A bold move by the US Olympic and Paralympic Committee may render that joke moot. Last week, the USOPC announced that it would not sanction US Olympic athletes who protest “peacefully and respectfully…in support of racial and social justice for all human beings.” This was a direct repudiation of a rule in the Olympic Charter that states, “No kind of demonstration or political, religious or racial propaganda is permitted in any Olympic sites, venues or other areas.” With Team USA a major power broker in Olympic circles, pressure mounts on the IOC to reconsider its rule prohibiting political dissent—the infamous Rule 50—in advance of the postponed Tokyo Summer Olympics.

This sharp shift in direction by the USOPC did not come out of nowhere. In recent years, the IOC’s rule forbidding jock activism has become a major source of discontent among Olympic athletes. Groups like Global Athlete and the Athletics Association have been fighting for athlete rights both in the public sphere and behind the scenes.


But the game changer was the massive, nationwide protests this summer after the police killing of George Floyd in Minneapolis, which saw many athletes both speak out and take it to the streets. In response to this political tinderbox, the USOPC set up an athletes’ working group—the 44-member Council on Racial and Social Justice—and charged it with providing “recommendations with the aim of eradicating social injustice and cultivating change through strengthened athlete voices.” The IOC’s increasingly out-of-tune rule against dissent fell smack into the group’s purview.

All too often, blue-ribbon commissions are places where good ideas go to die. But not in this instance. The group made firm recommendations that cut against the grain of IOC power and preference. And to the USOPC’s credit, its leaders listened. One recommendation demands that the International Olympic Committee and International Paralympic Committee “update guidelines to allow for peaceful actions that specifically advocate for human rights and racial and social justice.” It must be noted that the group differentiated “those acts from to-be-defined ‘divisive demonstrations’—including, but not limited to, currently prohibited acts of hate speech, racist propaganda, political statements and discrimination.” In the future, one could certainly see conflict between what one person sees as a call for racial justice and what another could brand a “political statement,” but for now this is broadly a step in the right direction.

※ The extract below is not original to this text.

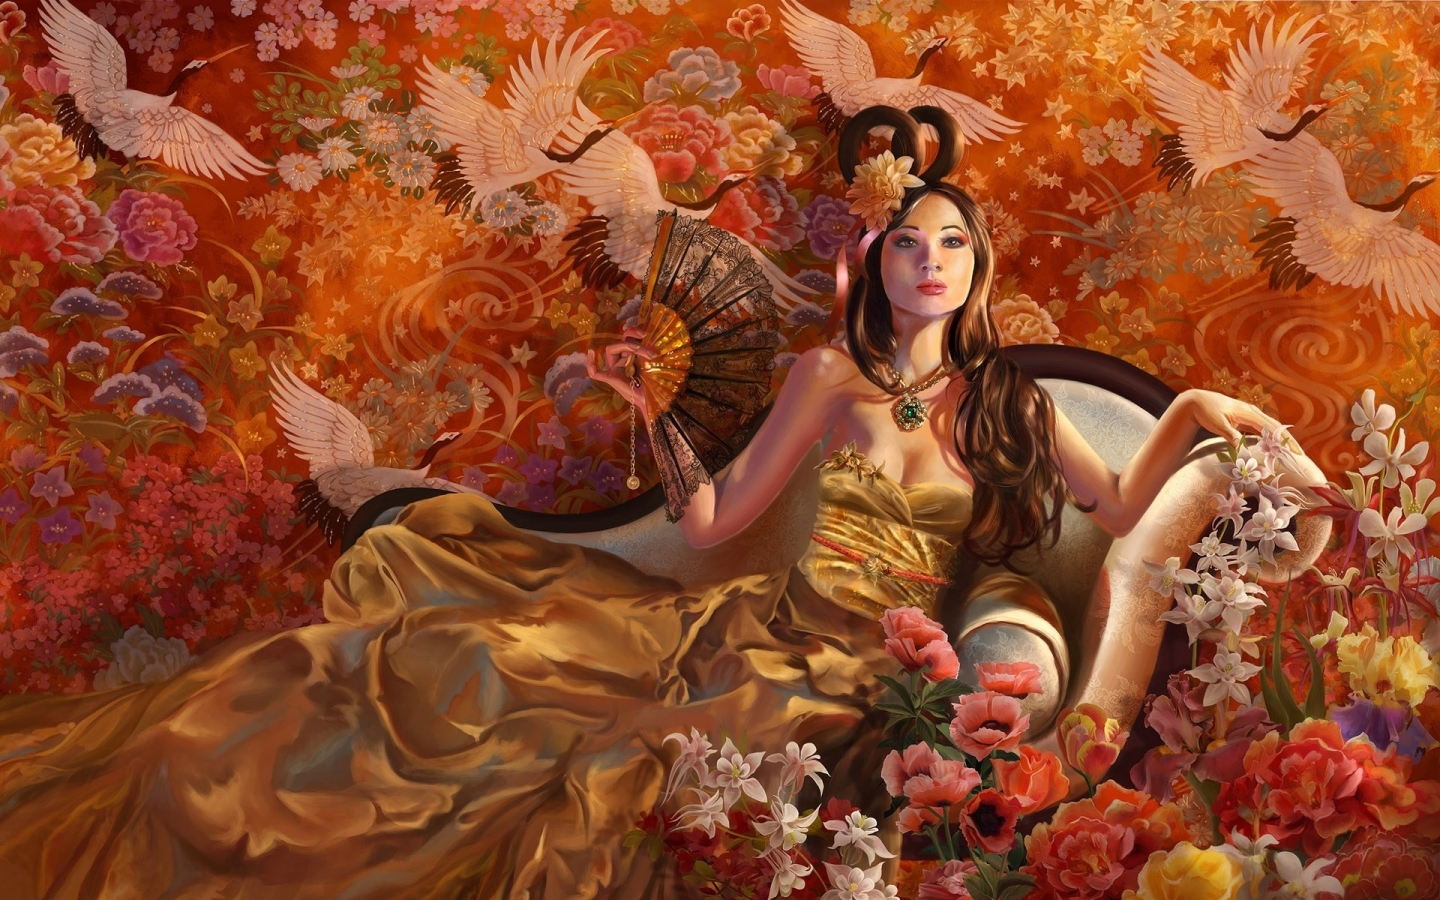 Fantasy Girl Autumn for 1440 x 900 widescreen resolution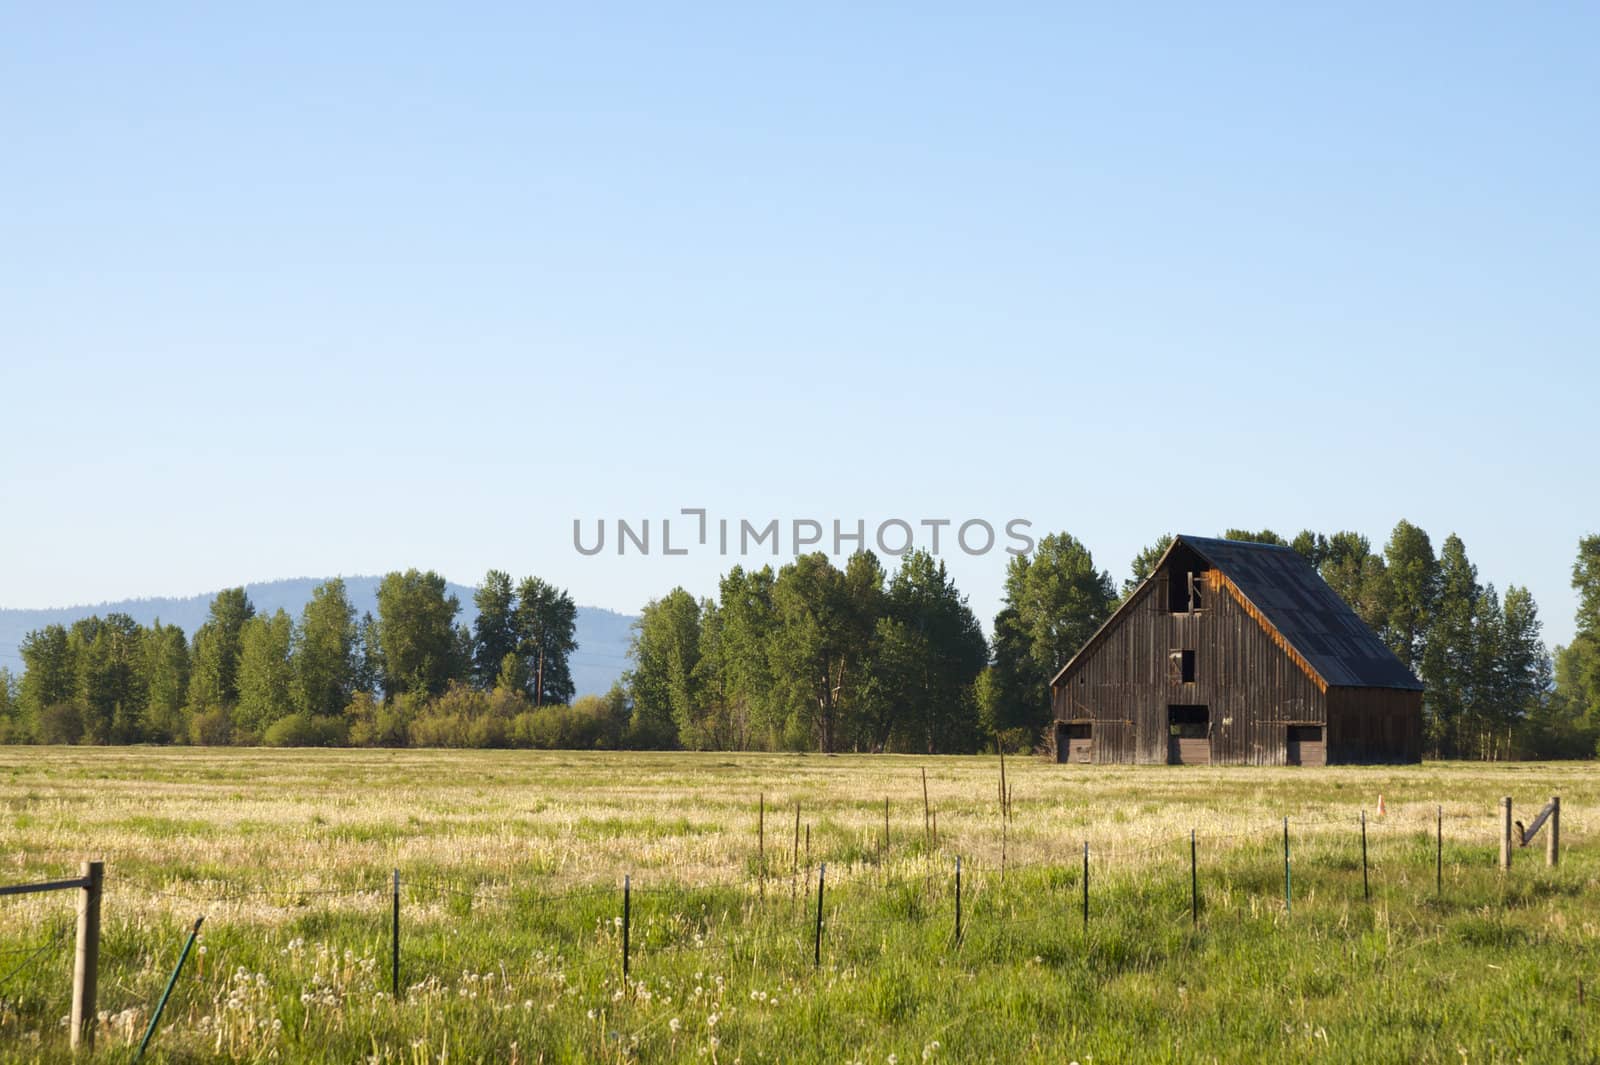 Country Barn in Field by bobkeenan

This was a direct response to guidelines issue by the IOC earlier this year that specifically forbade activism at the Tokyo Olympics, prohibiting “gestures of a political nature, like a hand gesture or kneeling.” The IOC stated that their guidelines were simply meant to help people “enjoy the experience of the Olympic Games without any divisive disruption,” but they were clear and obvious jabs at two US Olympians—hammer-thrower Gwen Berry and fencer Race Imboden—who raised a fist and took a knee, respectively, at the 2019 Pan American Games to fight back against racial inequality. When asked about these specific gestures of dissent, USOPC CEO Sarah Hirshland replied, “I can’t imagine that kneeling or raising a fist would be considered” insensitive.


In a letter to US Olympians, Hirshland went further:

I would be remiss to not address the experiences of Team USA athletes Dr. John Carlos, Dr. Tommie Smith, Gwen Berry and Race Imboden, whose peaceful and courageous protests were met with reprimand or indifference. It is now clear that this organization should have supported instead of condemned, and advocated for understanding instead of relying on previous precedent. For that I apologize.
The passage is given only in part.